Helping out the homeless

Helping out the homeless

Those who can fend for themselves ought to assist those who can't.

A local faith-based organization dedicated to providing services to the homeless is holding a fundraising event this weekend.

It's a good organization with a noble goal — lending a hand to people in need, many of whom have been written off by society. And that goal could use some support. So those who have the money and an interest in this issue would be well-advised to make a donation to C-U at Home (cuathome.us/one-winter-night/).

Homelessness is one of those issues most people don't think much about, unless they encounter a life-worn person looking for a handout or sitting on the sidewalk.

But it's a real problem that is incredibly difficult to address, mostly because many of the homeless have a variety of personal problems (drugs, alcohol, mental-health issues) that complicate the process of returning them to successful self-reliance.

Perhaps that's why Robert Dalhaus III, managing director of C-U at Home, said, "There's a lot of faith that goes into what we do."

How could there not be?

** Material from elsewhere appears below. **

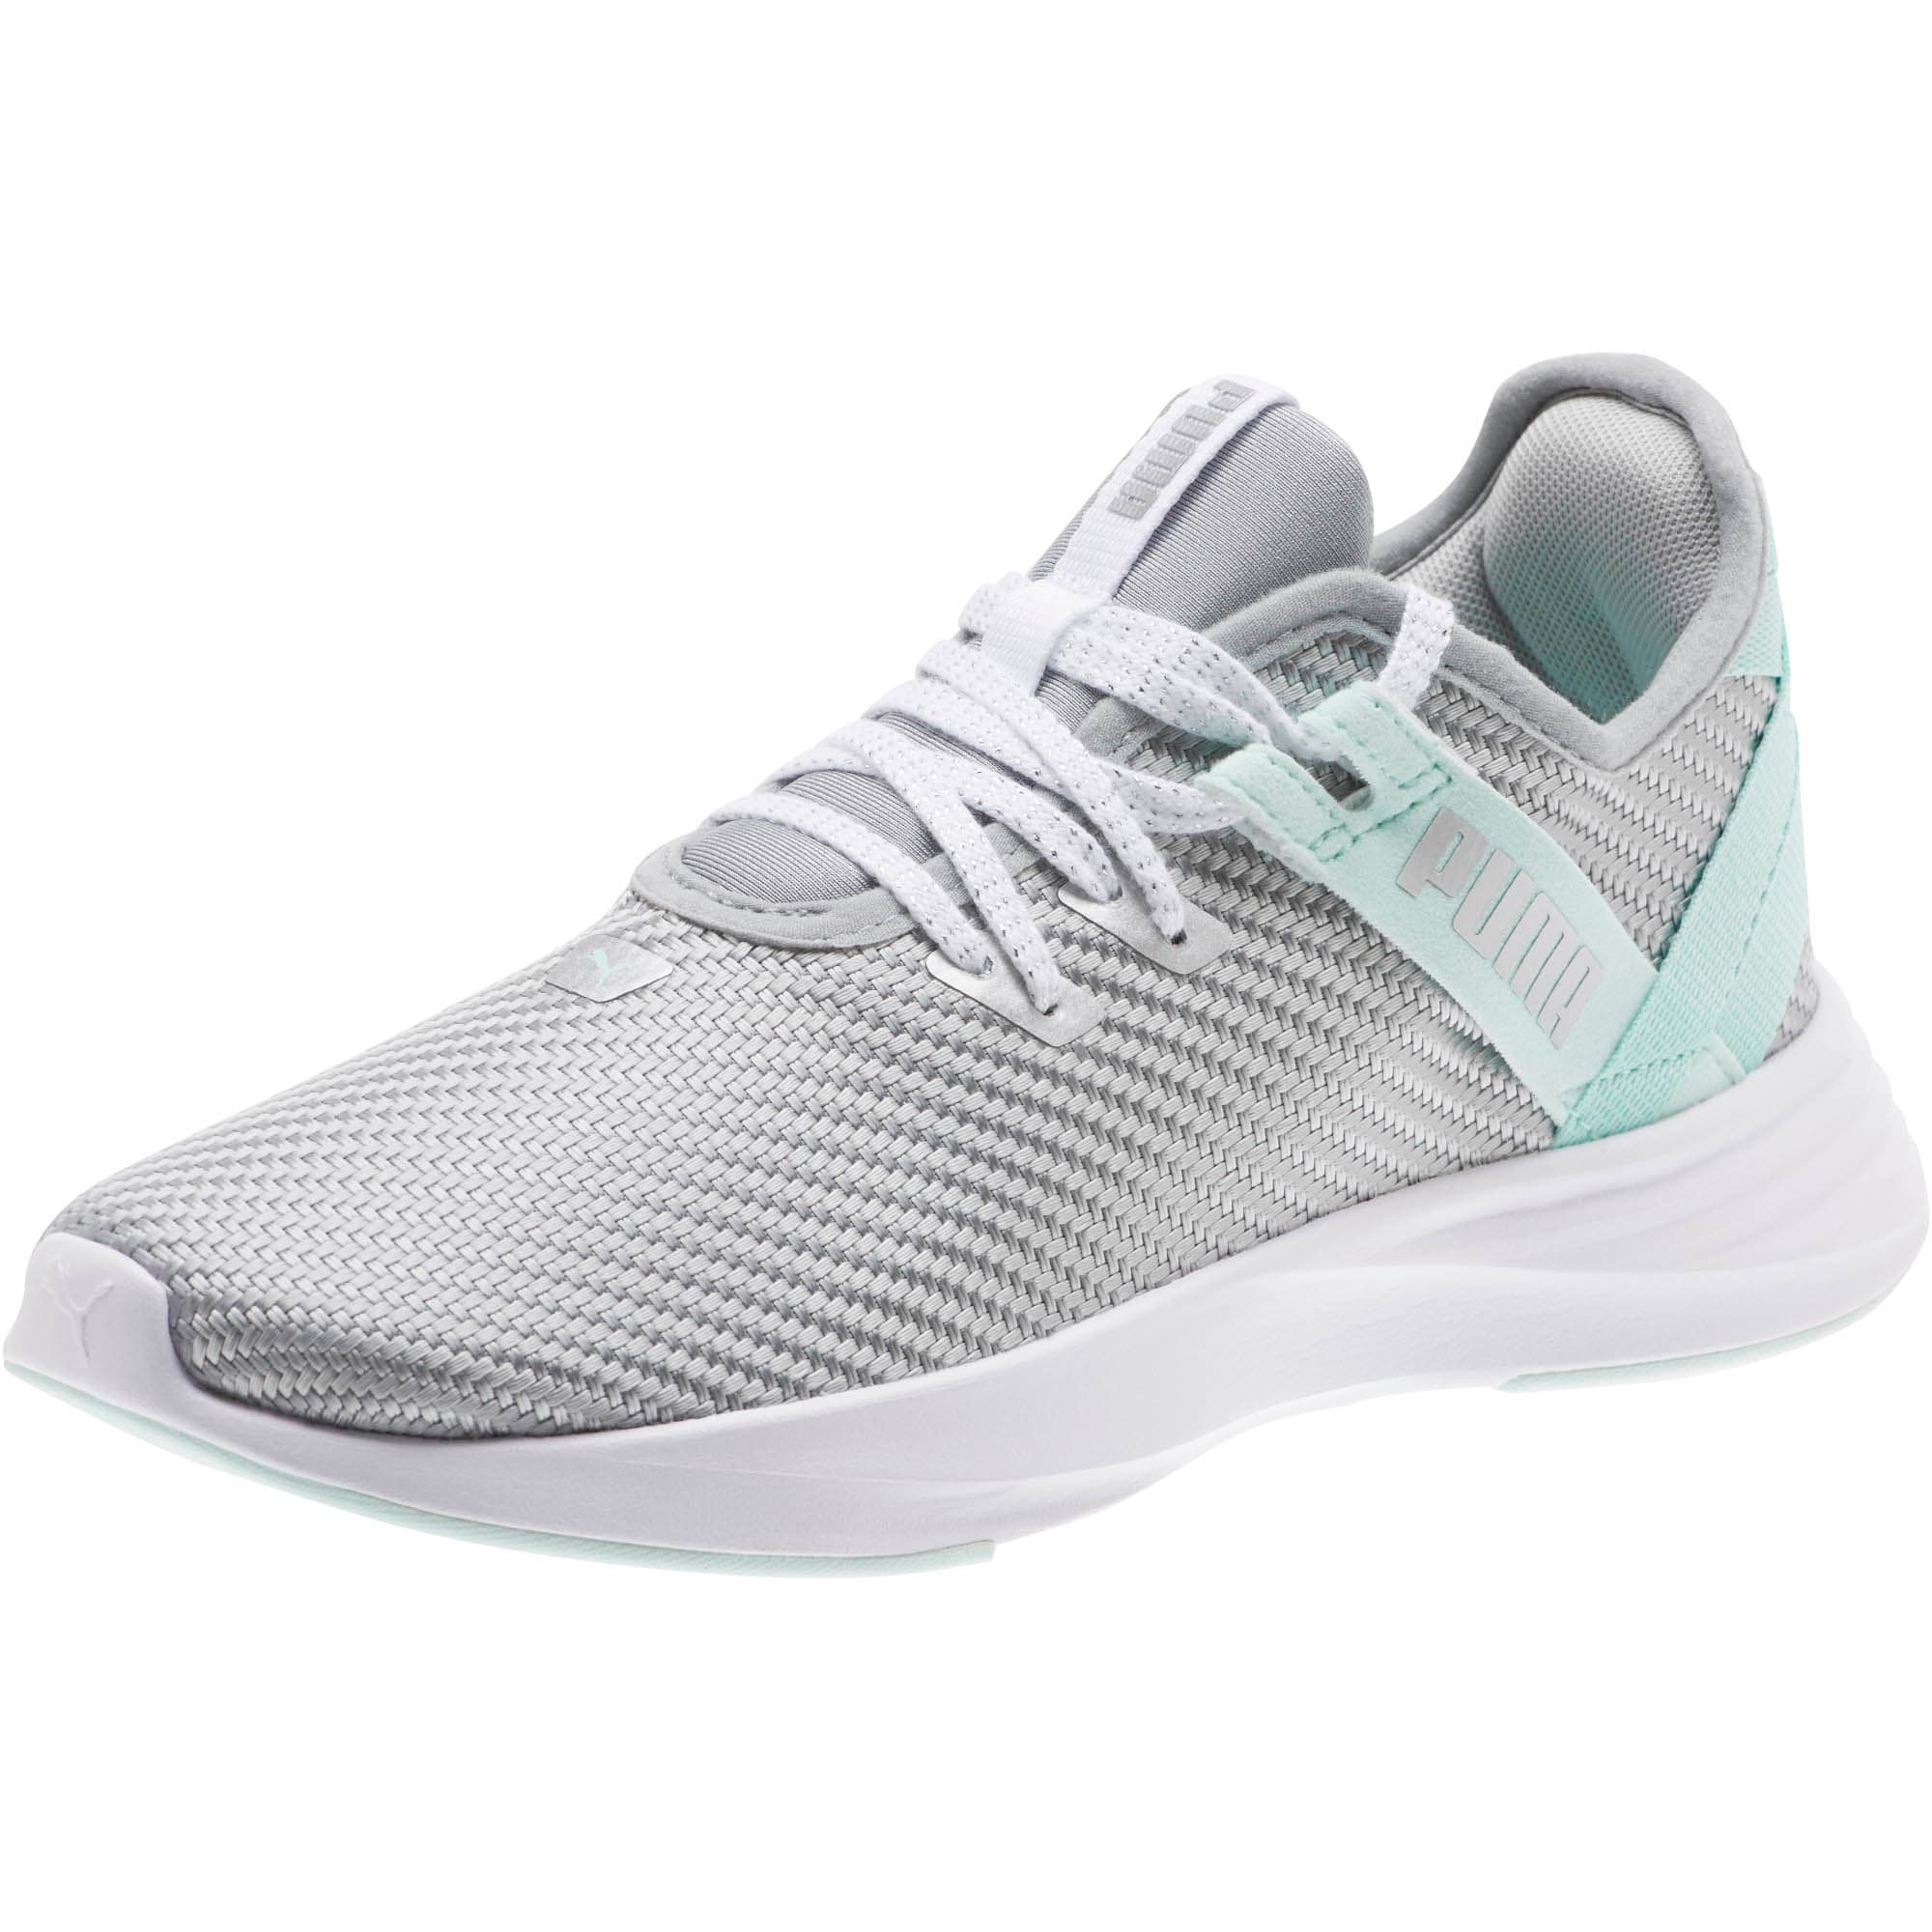 Thumbnail 1 of Radiate XT Cosmic Women's Training Shoes, Puma Silver-Fair Aqua, medium
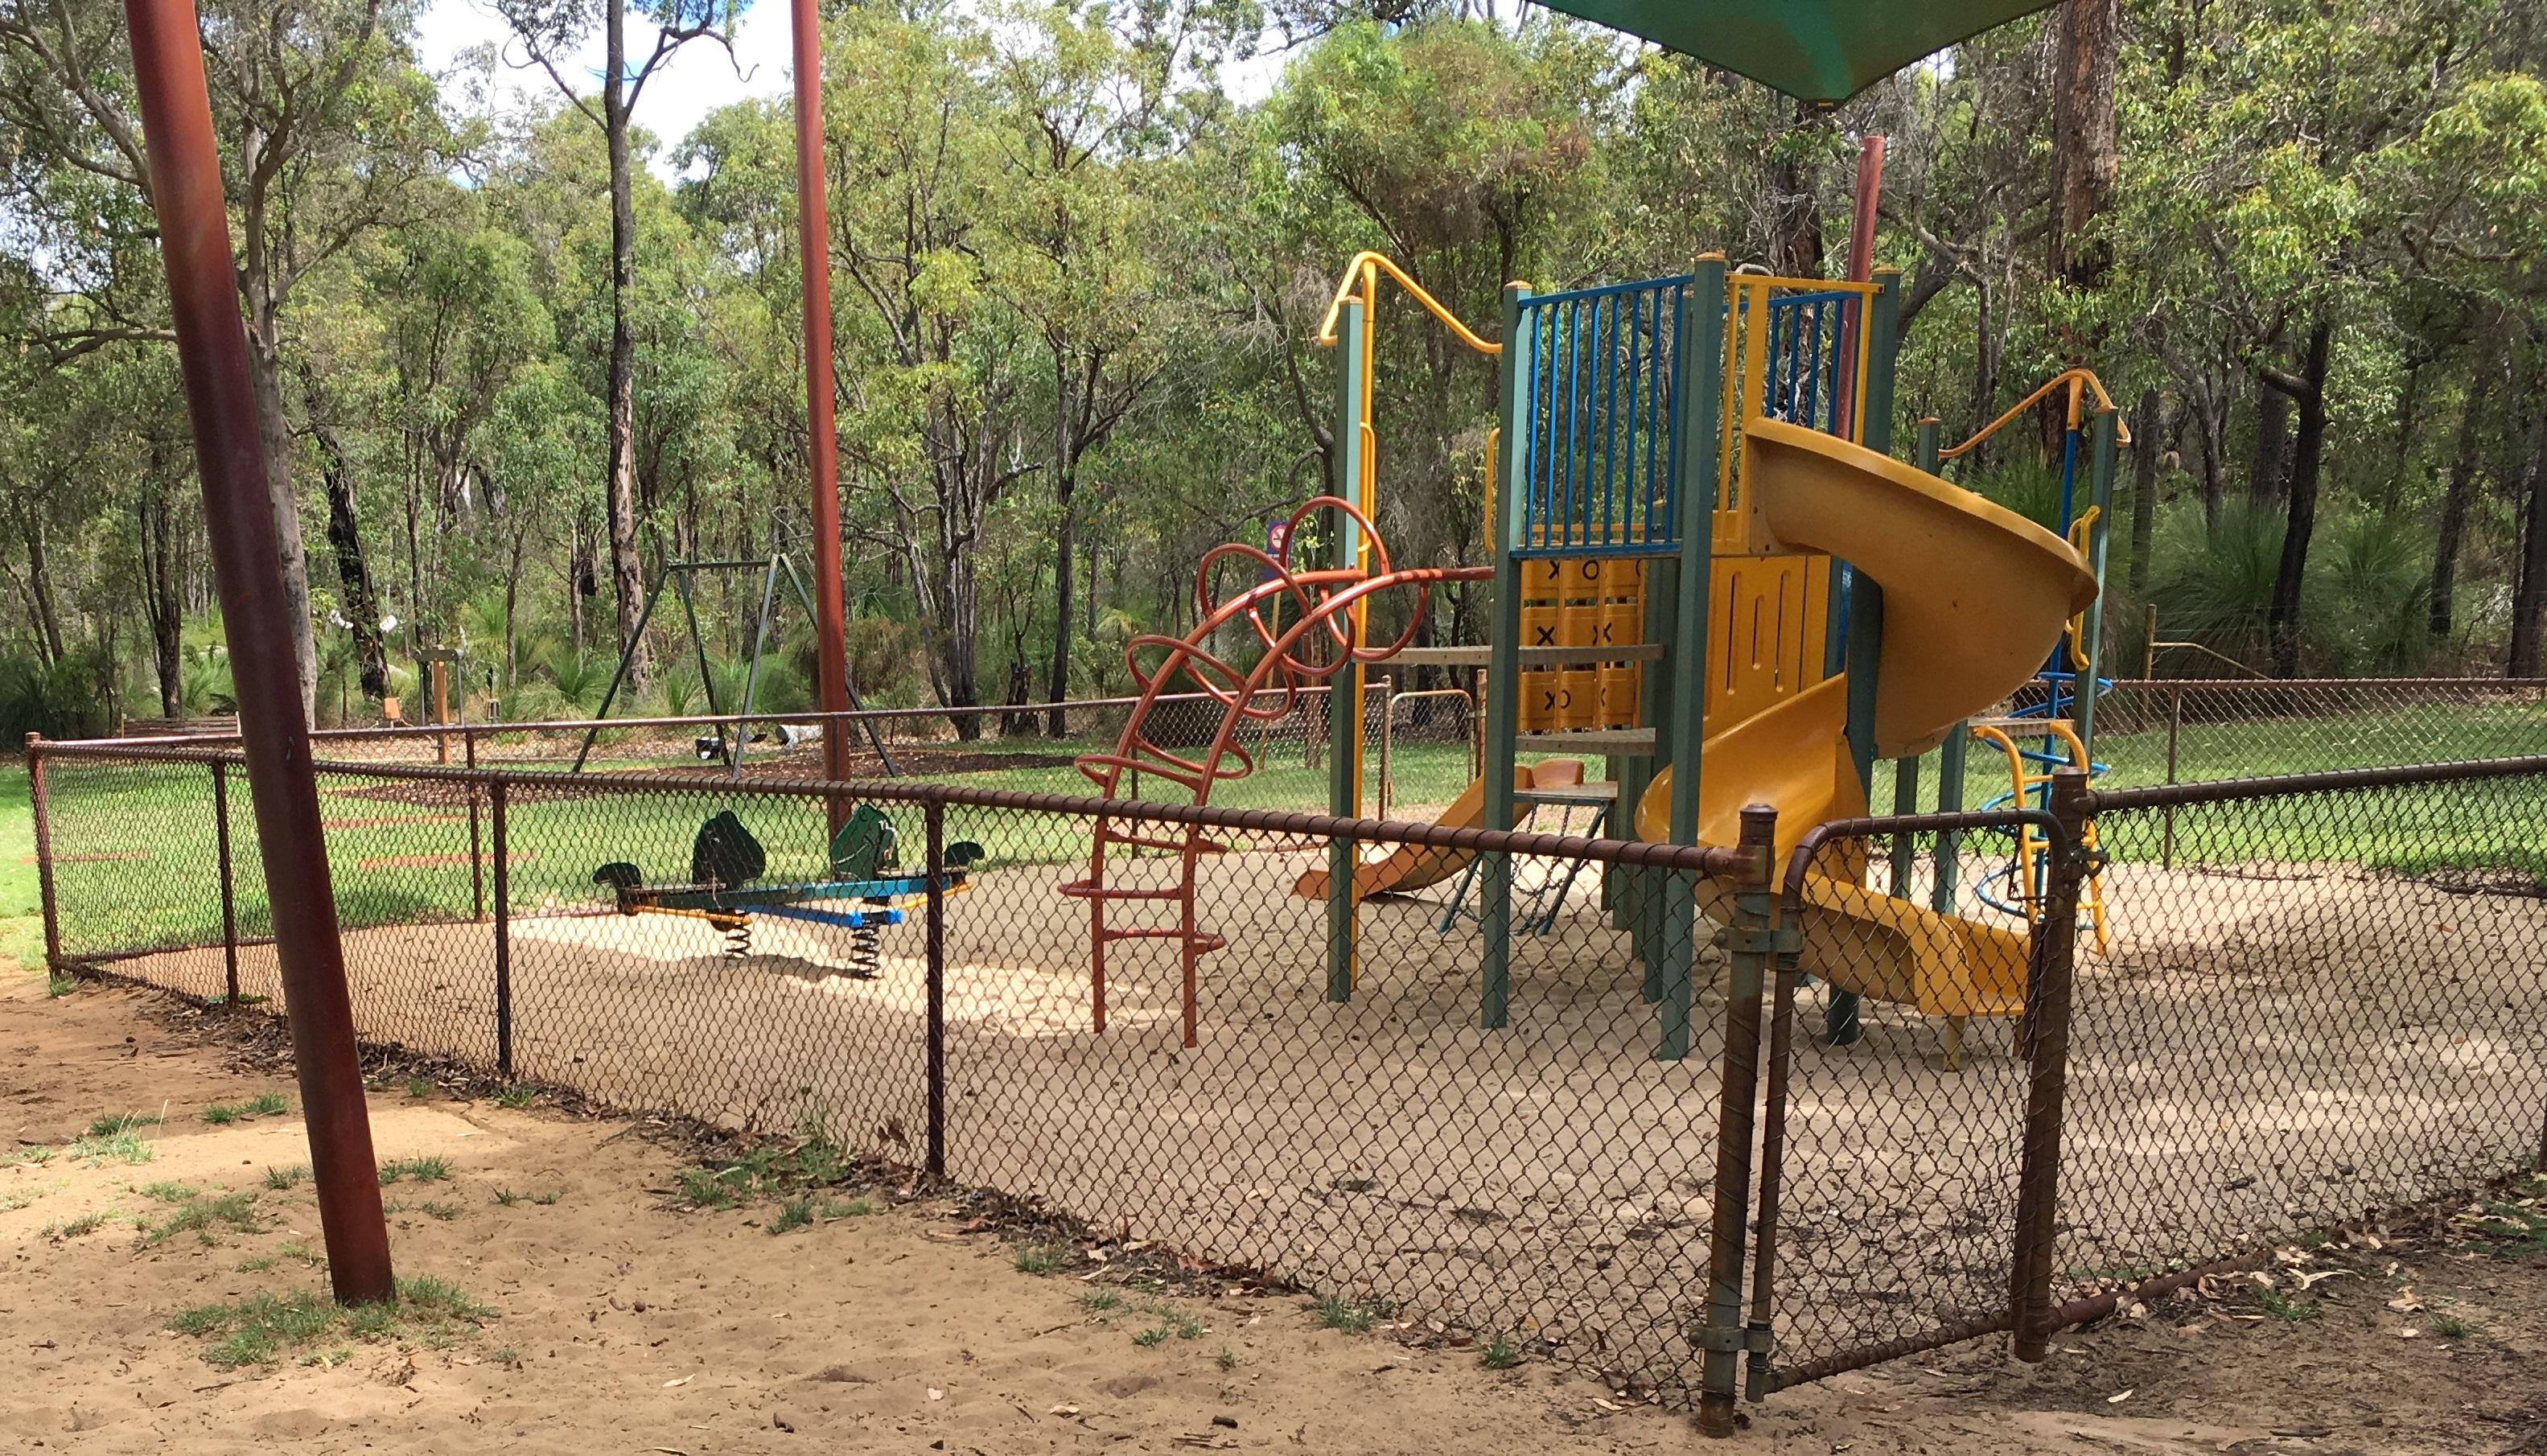 Samson existing playground cropped

The most difficult of homeless people will test the faith — and the patience — of anyone who comes to their assistance.

C-U at Home has taken on this difficult job, through the Phoenix Daytime Drop-in Center, transitional housing, outreach teams and detox transportation.

But faith is not just relying on benevolent God — it also involves placing faith in people to provide the wherewithal to do that job.

C-U at Home's fundraiser will be held Friday, and it's premised on volunteers getting a small taste of homelessness by sleeping outside in refrigerator boxes and collecting pledges for doing so.

In addition to making a pledge, donors should feel free to write the organization a check.

C-U at Home hopes to raise $230,000, a substantial sum. As of a few days ago, it had raised about $80,000, also a substantial sum but far short of the organization's goal.

So readers who can ought to consider lending a hand while, at the same time, being grateful there are committed people working on the behalf of those "without an address."